**RECORDED DATA:**
-.-.-

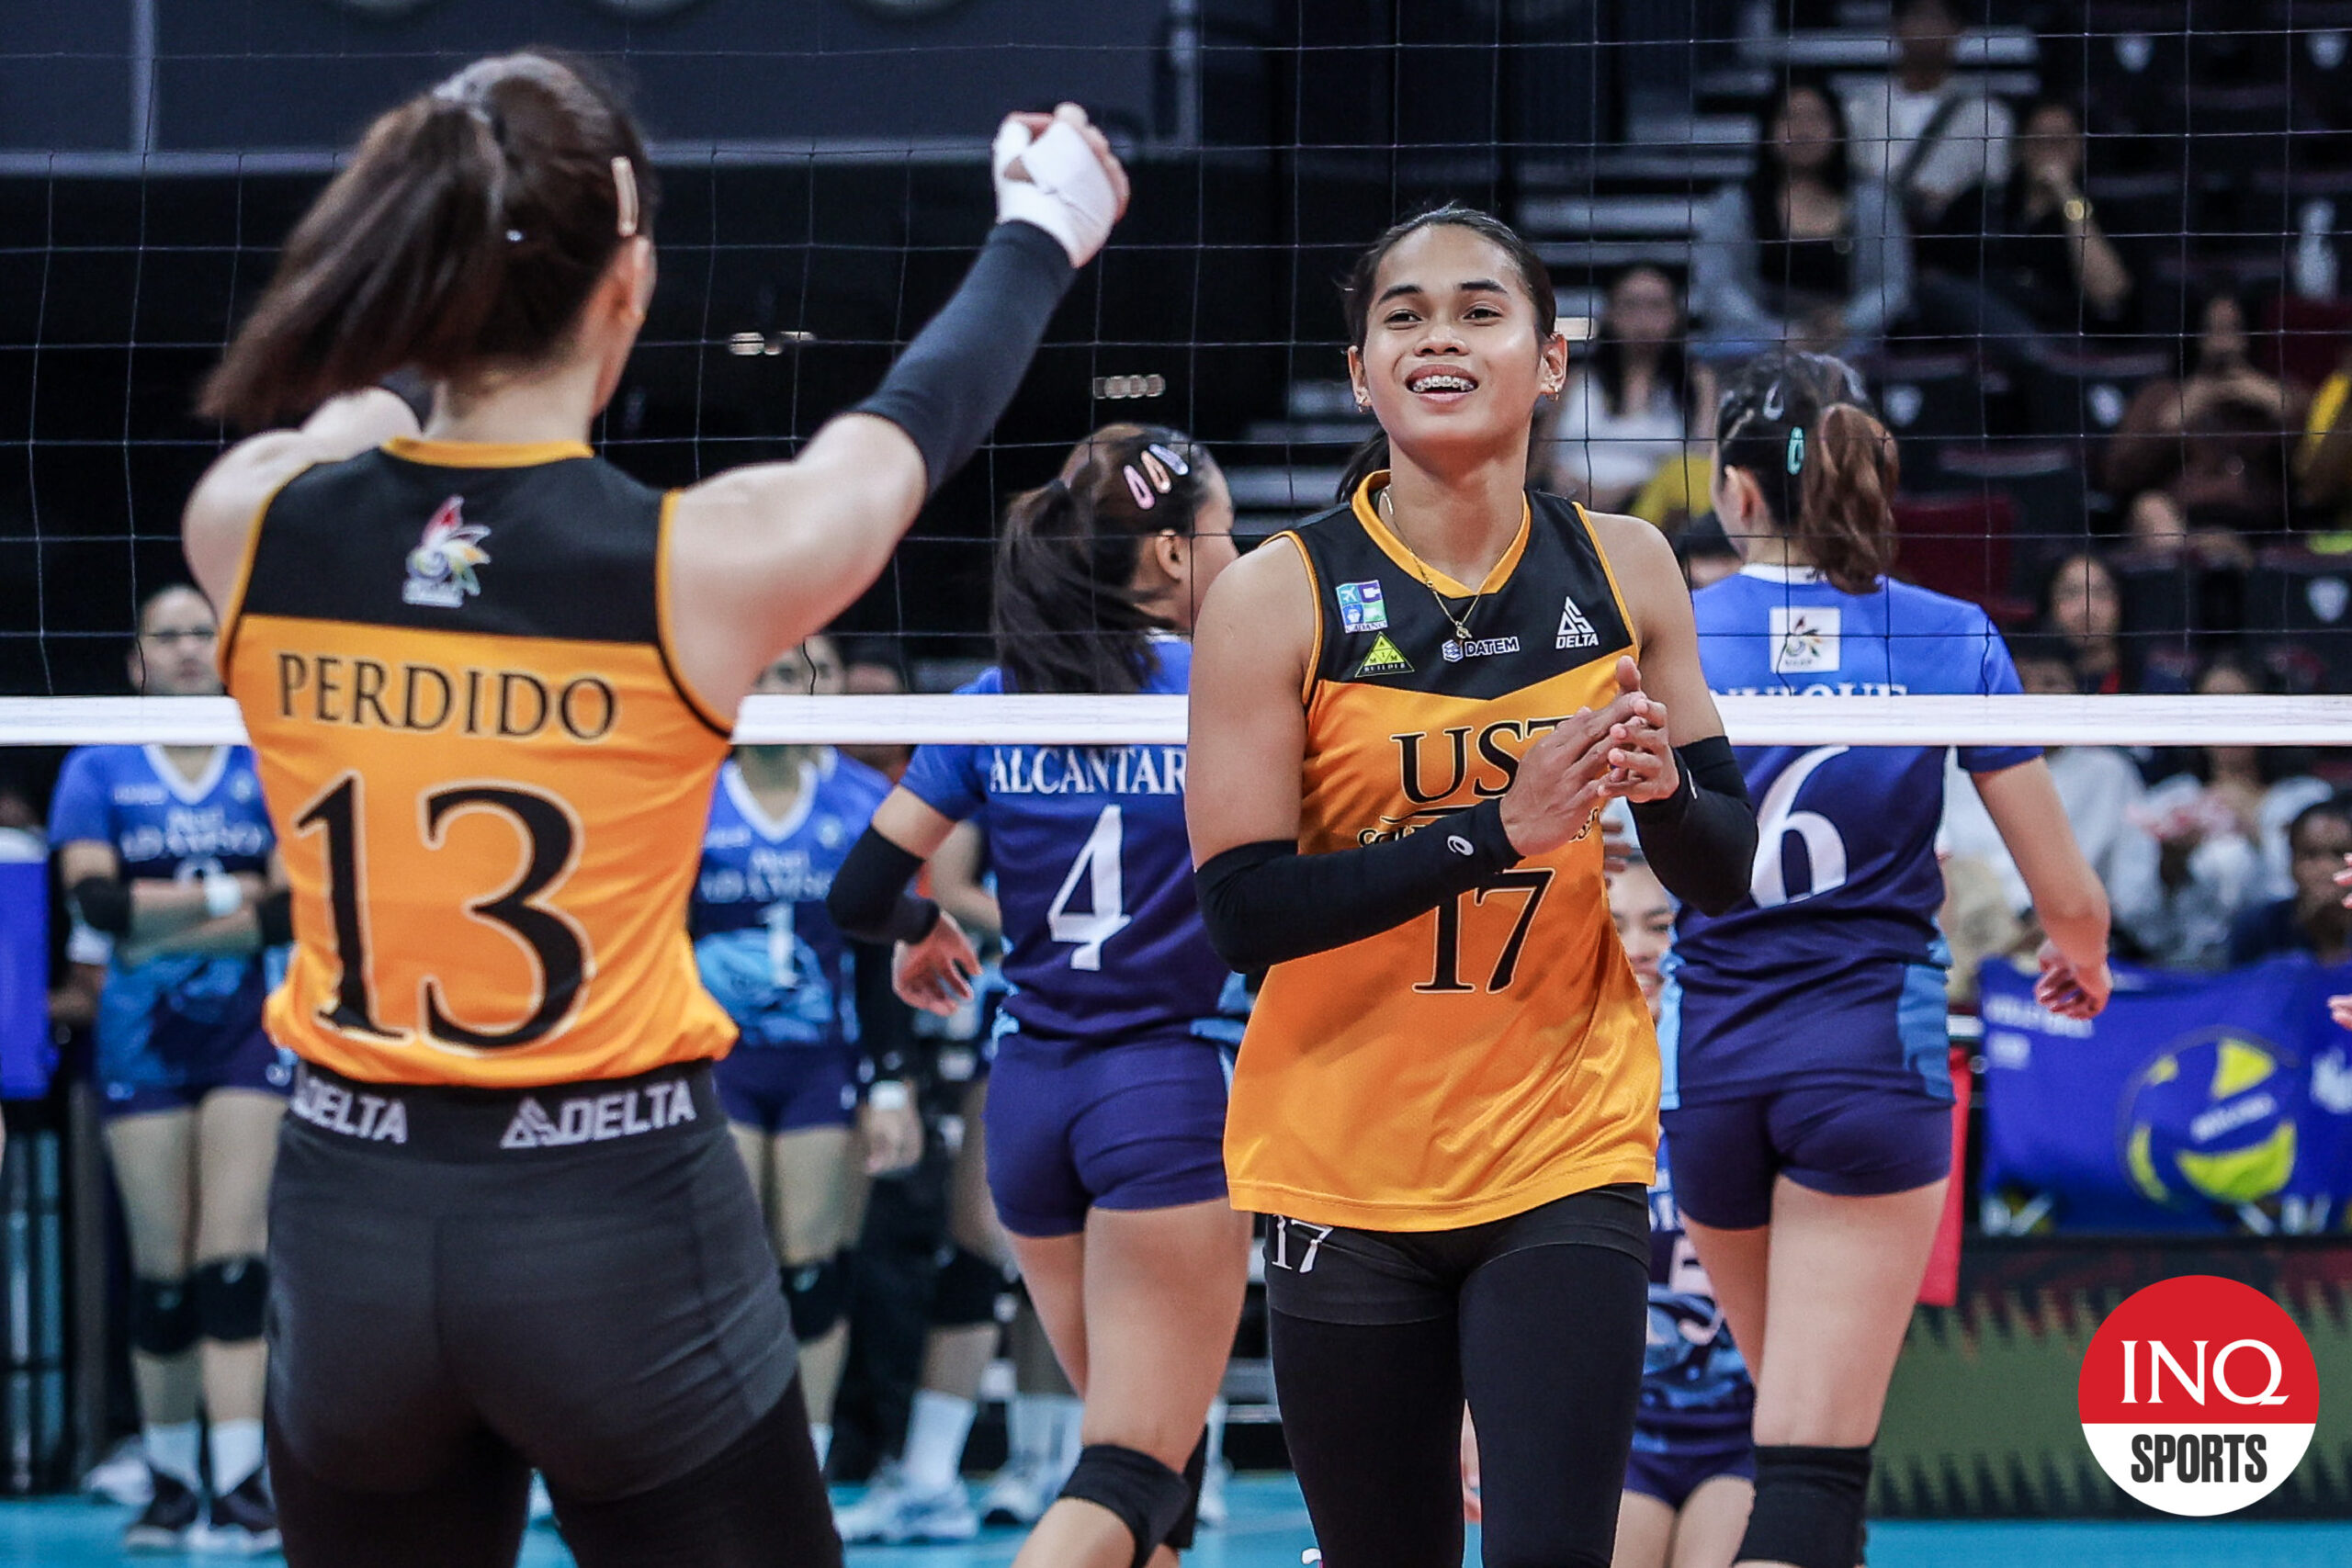 UST Tigresses' Angeline Poyos UAAP volleyball
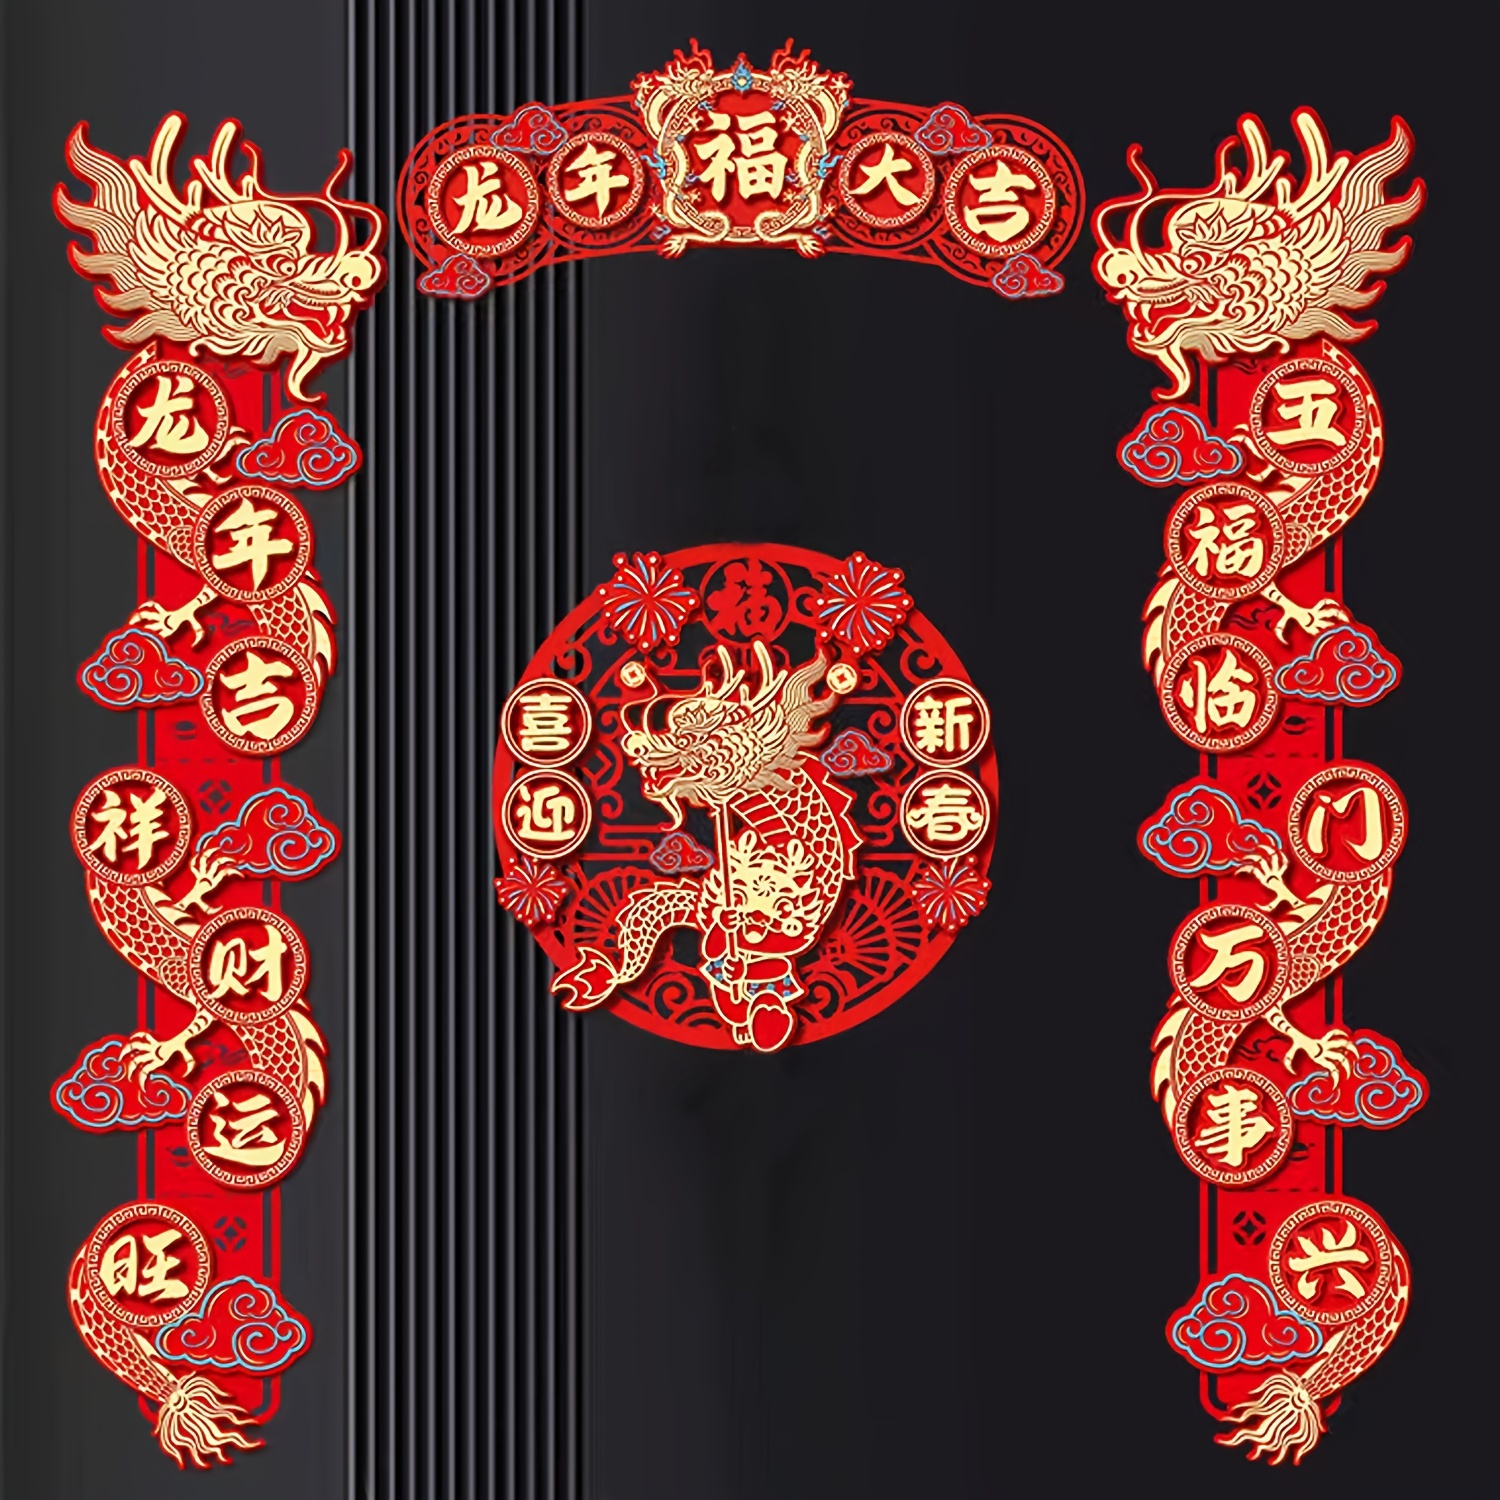 180 Chinese New Year Decor & Crafts ideas  chinese new year crafts,  chinese new year decorations, chinese new year
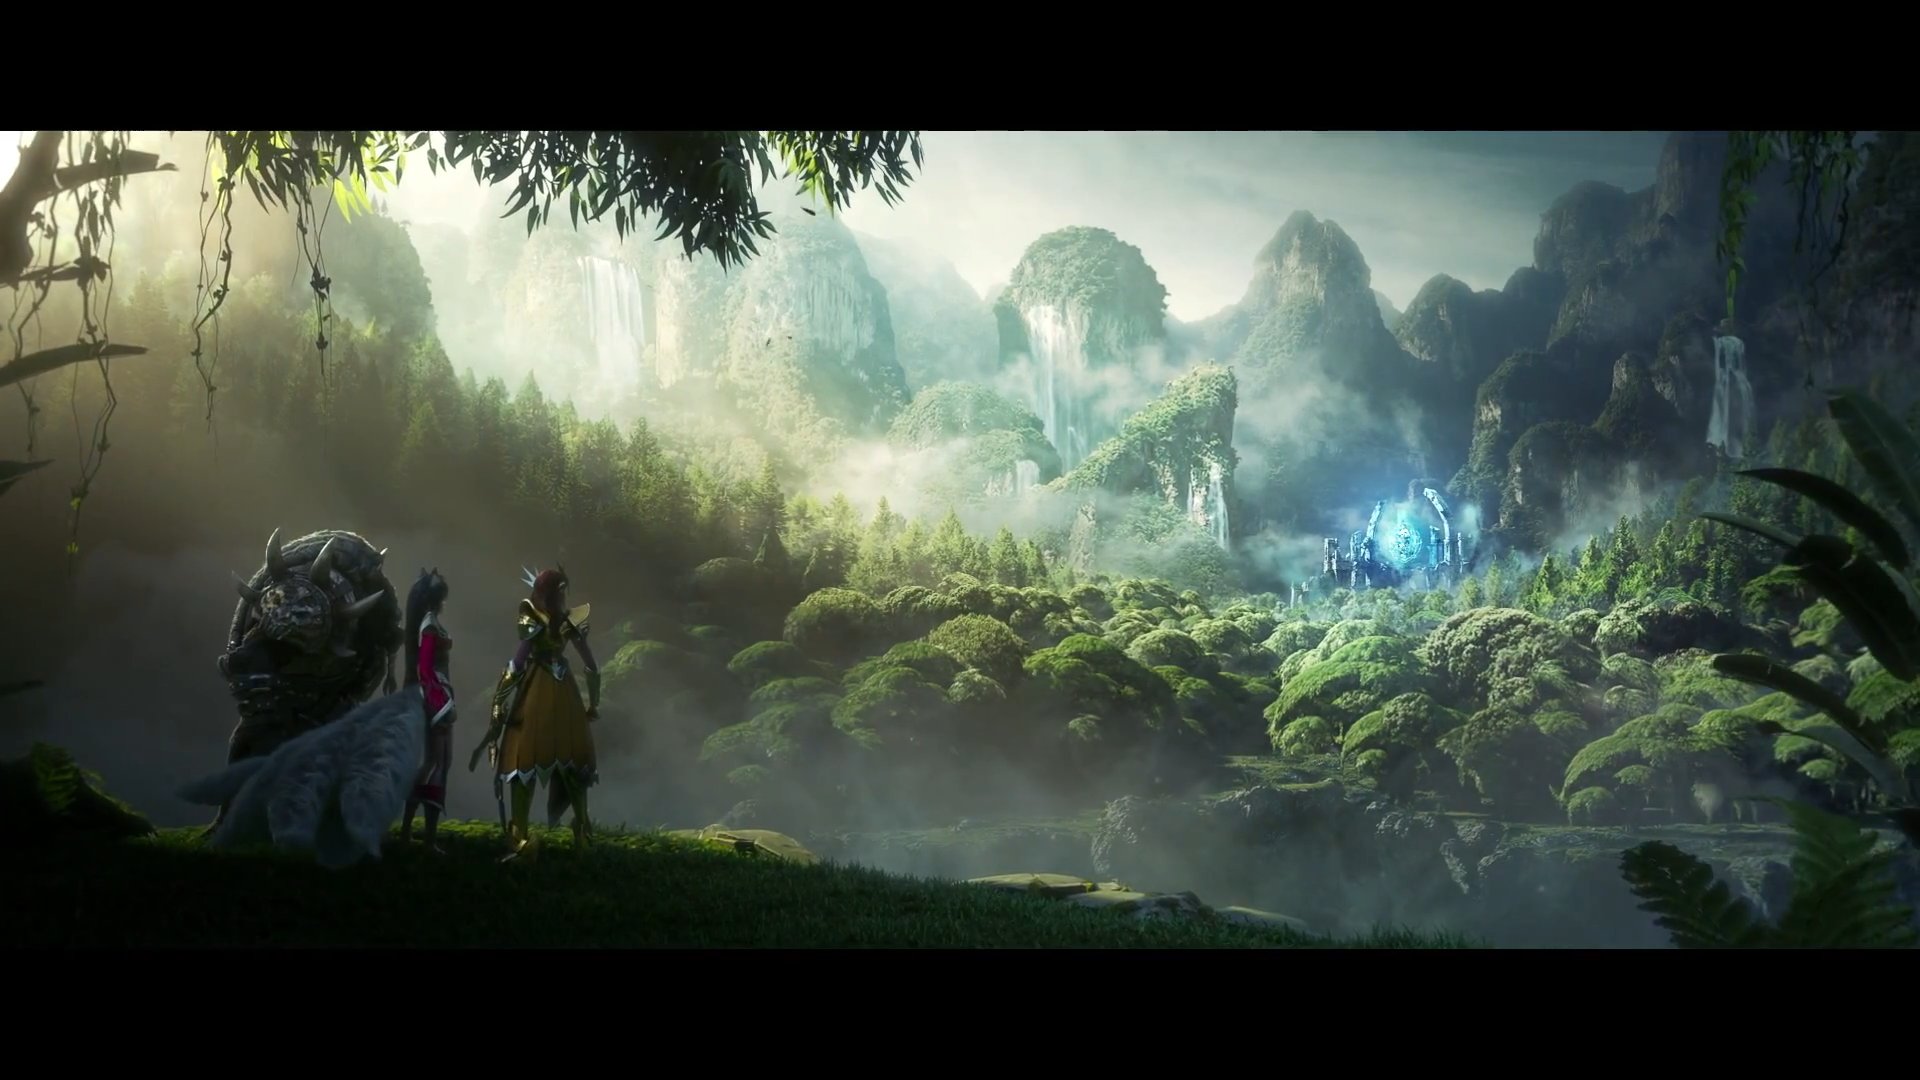 League of Legends Cinematic: A New Dawn – Behind the Scenes
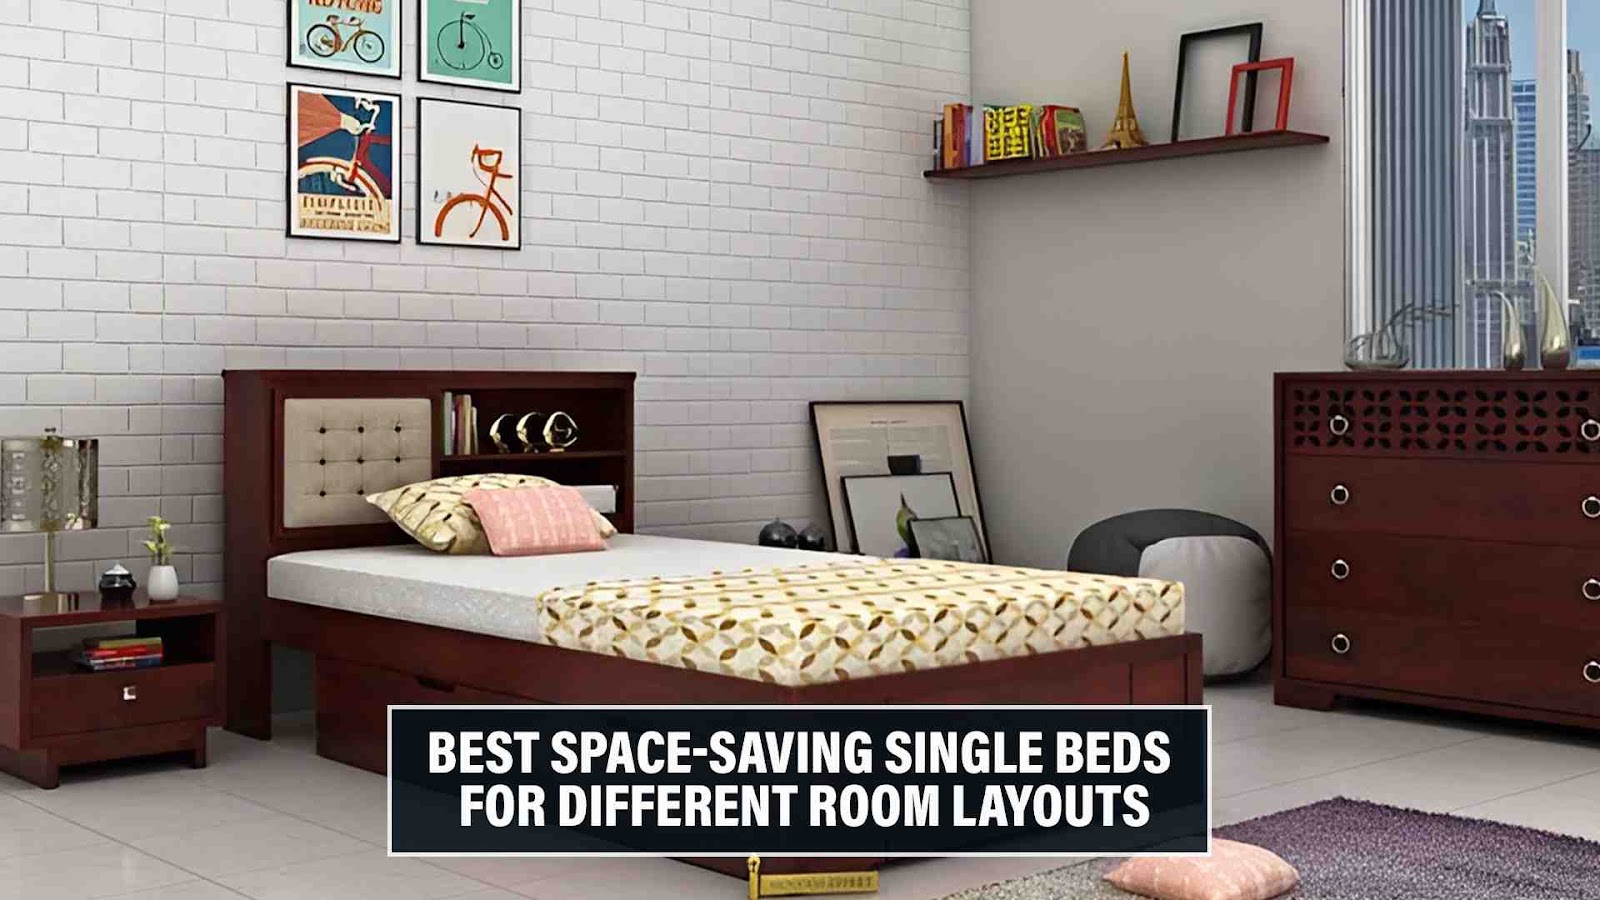 Best Space-Saving Single Beds for Different Room Layouts:

-.-.-

**BRIEF:** Repeat the material above exactly; pictures do not belong in the copy.

**EXPECTED ANSWER:**
 UST Tigresses' Angeline Poyos UAAP volleyball
 180 Chinese New Year Decor & Crafts ideas  chinese new year crafts,  chinese new year decorations, chinese new year
 League of Legends Cinematic: A New Dawn – Behind the Scenes
 Best Space-Saving Single Beds for Different Room Layouts:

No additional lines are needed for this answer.